こういう世界になった時のために移動手段としてスケボーもフリーランニングも人並み以上になったが、それはあくまでも一人で行動し一人で逃げ回るために身に着けたものだ。日中はゾンビもどきが外を出歩かないなら車での移動が最善だが、運転できる者と車の鍵が必要になる。極論、免許が無くても運転はできるが鍵が無ければどうしようもない。

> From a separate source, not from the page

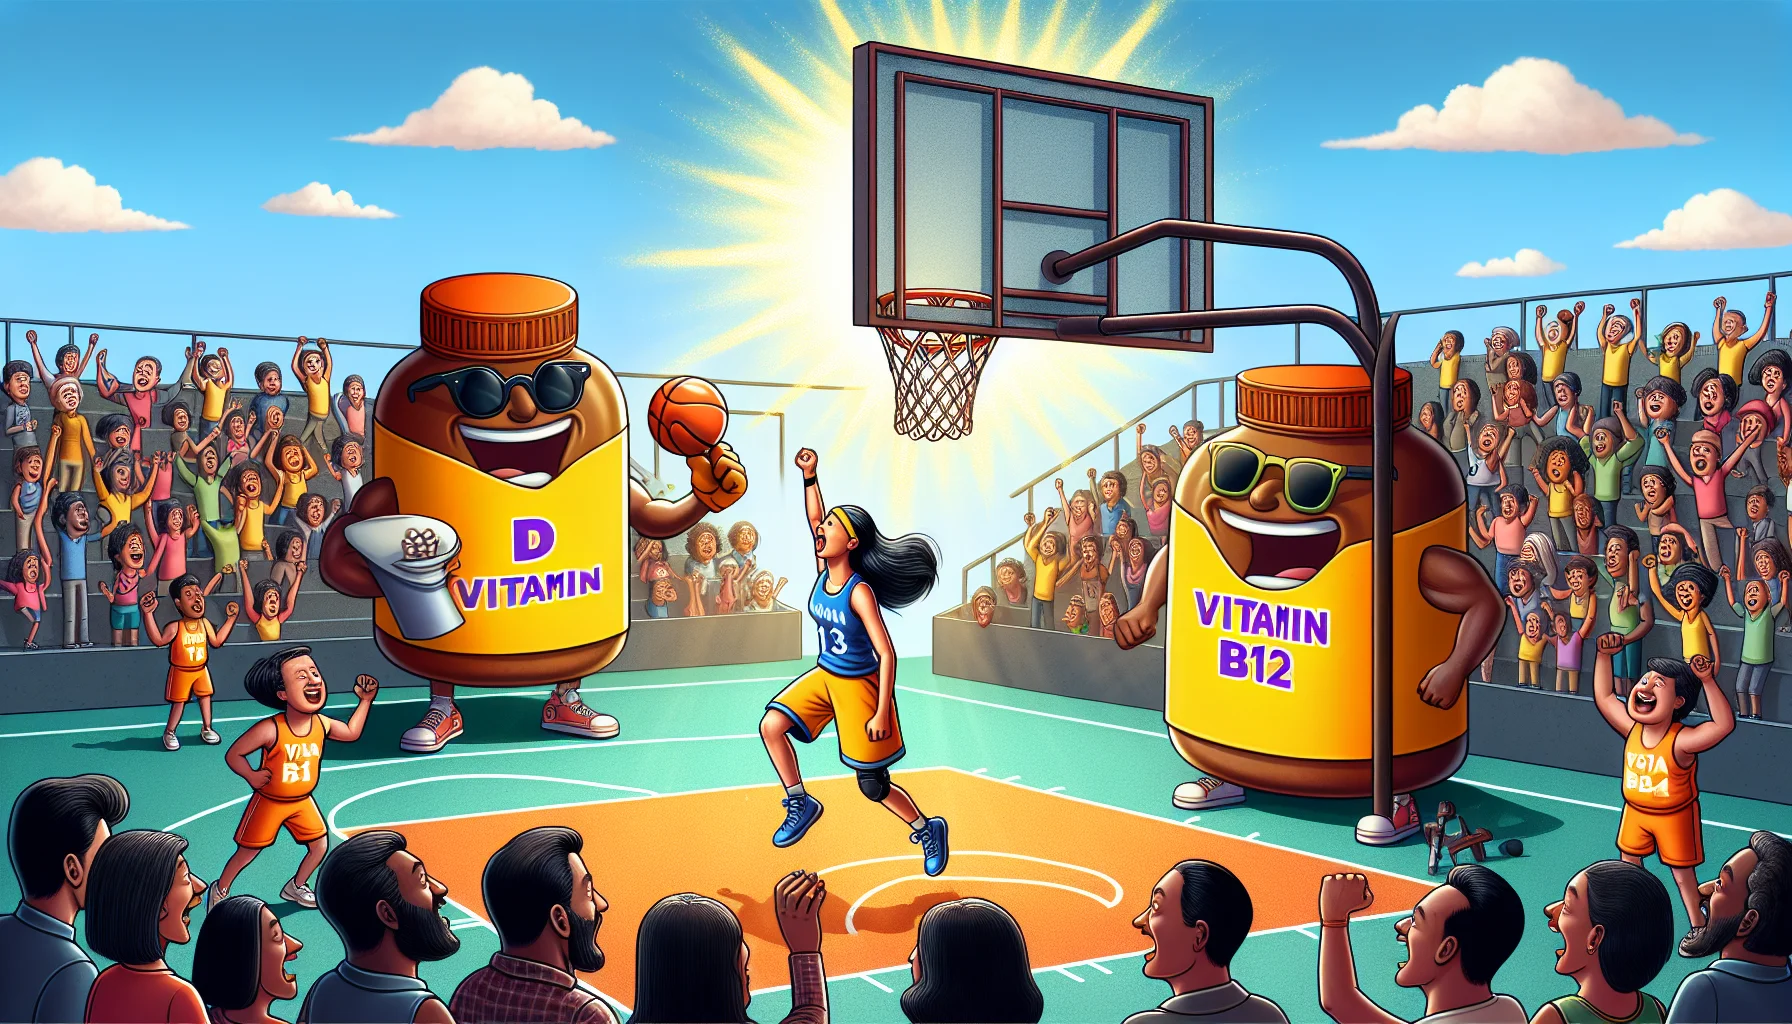 Illustrate a humorous yet informative scene to display the benefits of combining Vitamin D and B12 supplements for sports. Picture this: a sunny basketball court, a South Asian female basketball player effectively performing a slam dunk, her energy represented by a luminous light surrounding her. Beside the court, there's a giant bottle of Vitamin D, personified, wearing sunglasses and cheering with a foam finger. On the other side, there's a Vitamin B12 bottle, personified, holding a megaphone, encouraging the player. Surrounding the court, diverse spectators are in awe by her energy boost, some holding signs saying, 'Vitamin Power!'

「車なら俺が運転しよう。元はバスの運転手だ。普通の車も運転できる」
案を考えているところにやってきた寺田の一言で状況は一変した。
「朗報だが、車が無い」
「それならたぶん大丈夫だ。昨日、俺は管理室にいただろ? そこで、これを見付けた。おそらく配達サービス用の車のキーだ」
冷静さに欠くかと思っていたが、意外なところで役に立ったな。
「よし。それじゃあ出発だ。俺が先頭で、那奈と美島を挟んで寺田が一番後ろ。車の場所はわかるか?」
「店の裏だと思うが、行ってみないことにはわからないな」
「そりゃあそうか。……行こう」
振り向いたところに居た老人と男と目が合って、逸らすように瞼を閉じた。
後ろ髪を引かれながらも、切り捨てていかなければならない。望まない者を――進むことを拒み、留まることを選んだ者を連れて行くことは出来ない。仮にその者たちが死ぬことになったとしても……死なないことには必要なことだ。